“Resolvámonos a combatir a estos malvados que han puesto en confusión nuestra tierra. Persigamos a muerte al impío, al ladrón, al homicida y, sobre todo, al pérfido que tenga la osadía de burlarse de nuestra buena fe. Que de esa raza de monstruos no quede uno entre nosotros y que su persecución sea tan tenaz y vigorosa que sirva de terror y espanto a los que puedan venir en adelante”, decía Juan Manuel de Rosas.
Dos años después de pronunciada esta frase, al poco tiempo de asumir el gobierno con la suma del poder público dada la conflictiva situación que atravesaban las provincias por la muerte de Quiroga, el Restaurador de las leyes hizo honor a su nombre y expuso los cuerpos de los culpables de magnicidio.
Que Santos Pérez había sido el cabecilla de la partida asesina, no caben dudas. Él había sido el brazo ejecutor de la muerte de Quiroga con un certero disparo en la cabeza. De él había partido la orden de ejecutar a los que sobrevivieron, aun a los niños que acompañaban la comitiva. Ningún testigo debía vivir para contar el crimen de Barranca Yaco.
Era un secreto a voces que los hermanos Reynafé querrían vengar viejas afrentas y a tal final habían encomendado la tarea a un hombre de confianza, el capitán Santos Pérez. Quiroga conocía estos rumores. El mismo gobernador Ibarra se lo había comentado, pero no iba a dudar ante las amenazas. Quiroga no le tenía a la muerte que tantas veces había enfrentado. Iba en coche hacía ella, con sus huesos ateridos por la artritis…
La duda, la gran duda, es quién estaba atrás del crimen. ¿Era acaso el mismo Rosas el instigador, como exclama en sus momentos finales Santos Pérez? Si hubo una persona que se benefició con la muerte de Quiroga, ese fue Rosas, quien en dos meses logró ser ungido con el poder absoluto. ¿O la orden habría partido de Estanislao López? El caudillo santafesino no se llevaba con el Tigre, a punto de darle para largas en la devolución del famoso Moro de Quiroga, el caballo con quien “hablaba” antes de las batallas. De allí que Facundo se refería a López como “el gaucho ladrón de caballos”.
La consigna popular era que los “salvajes” unitarios habían tentado a los hombres fuertes de Córdoba y puesto precio a su rencor. Nadie se atribuyó la instigación ni sé promovió como el asesino de Quiroga .
Lo único cierto es que Facundo había muerto y el país se había convulsionado al punto de que, en medio de este revuelo, Estanislao López le entregó a Rosas su prisionero más preciado, al Manco Paz.
El mundo es chico y revuelto; el jefe de la partida que había capturado a Paz con esa certera boleada, no había sido otro que Santos Pérez.
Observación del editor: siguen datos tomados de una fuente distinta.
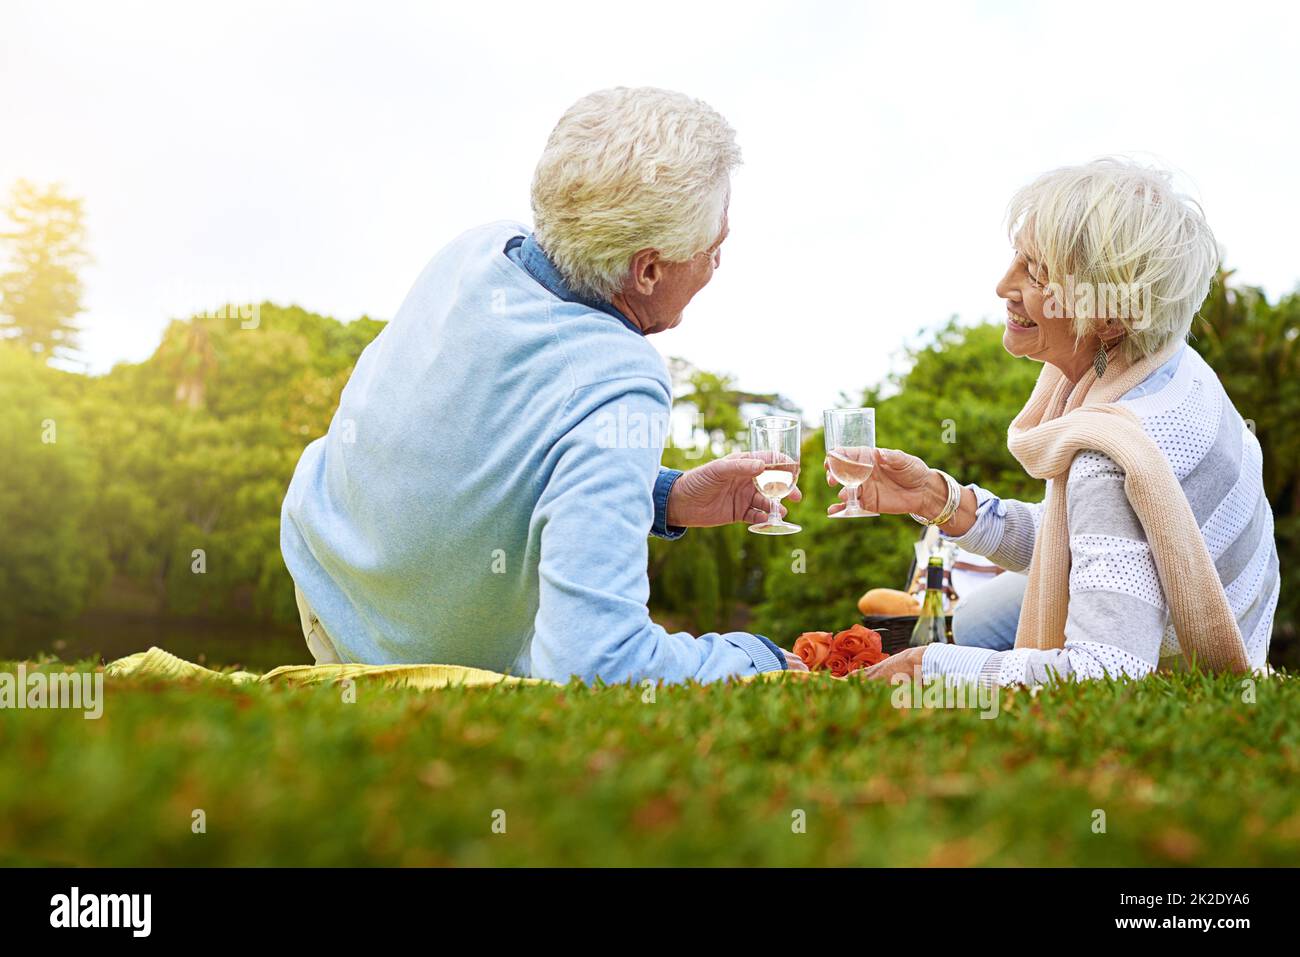 Pique-nique dans le parc. Photo d'un couple senior en train de pique-niquer dans un parc. Banque D'Images

Una vez cumplida la terrible tarea Santos Pérez se escondió, pero fue traicionado por Rosa Yofre, su amante quien le escondió las armas cuando una partida del gobierno “encontró” al hombre más buscado del país…
Los Reynafé lo tranquilizaron, le dijeron que Rosas y López querían la muerte de Quiroga porque éste había empezado a hablar de Constitución y arreglar al país con un “cuadernito”. Hombres así eran peligrosos…
Todo estaba arreglado y no tenía nada que temer. Los hombres de Córdoba le dieron a entender a Santos Pérez que solo era un trámite, un aspaviento para calmar al populacho… Si eso creían los Reynafé, algo estaba fuera de sus cálculos porque en menos de tres años perdieron el poder, su fortuna y la vida.
“Muerte de mala muerte se lo llevó al riojano y una de puñaladas lo mentó a Juan Manuel”, recuerda Borges en su poema a la muerte de Quiroga. La verdad es que, como en tantas muertes argentinas, nunca se sabrá de quién es la mano que manejó los piolines tras bambalinas.